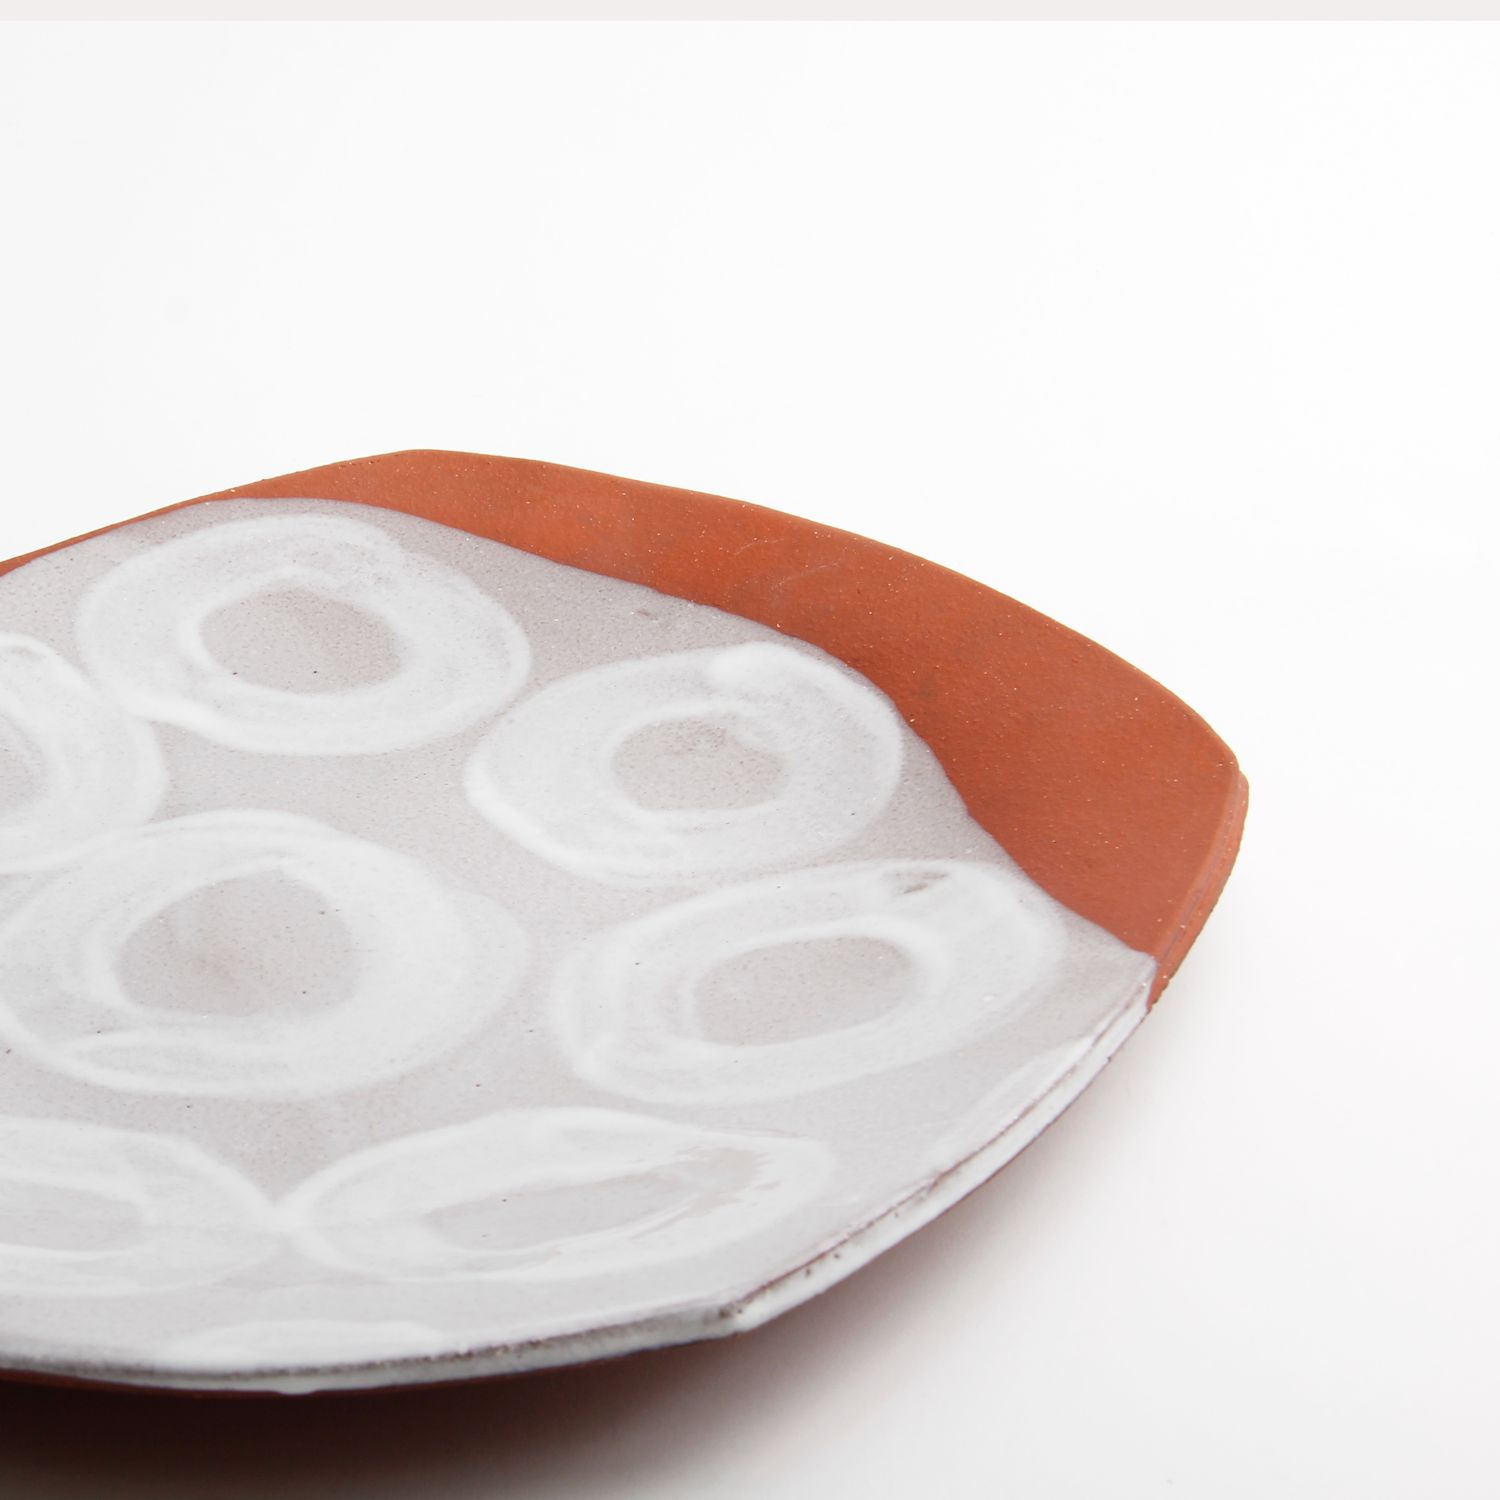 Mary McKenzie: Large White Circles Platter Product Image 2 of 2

+---+

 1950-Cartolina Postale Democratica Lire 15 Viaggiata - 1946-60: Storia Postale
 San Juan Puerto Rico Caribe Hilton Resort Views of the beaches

+---+

**DIRECTIONS**:
An exact copy of the lines above between the line holding "1950-Cartolina Postale Democratica" and the line holding "San Juan Puerto", inclusive, is the whole answer.

**SOLUTION FOR THIS EXERCISE**:
 1950-Cartolina Postale Democratica Lire 15 Viaggiata - 1946-60: Storia Postale
 San Juan Puerto Rico Caribe Hilton Resort Views of the beaches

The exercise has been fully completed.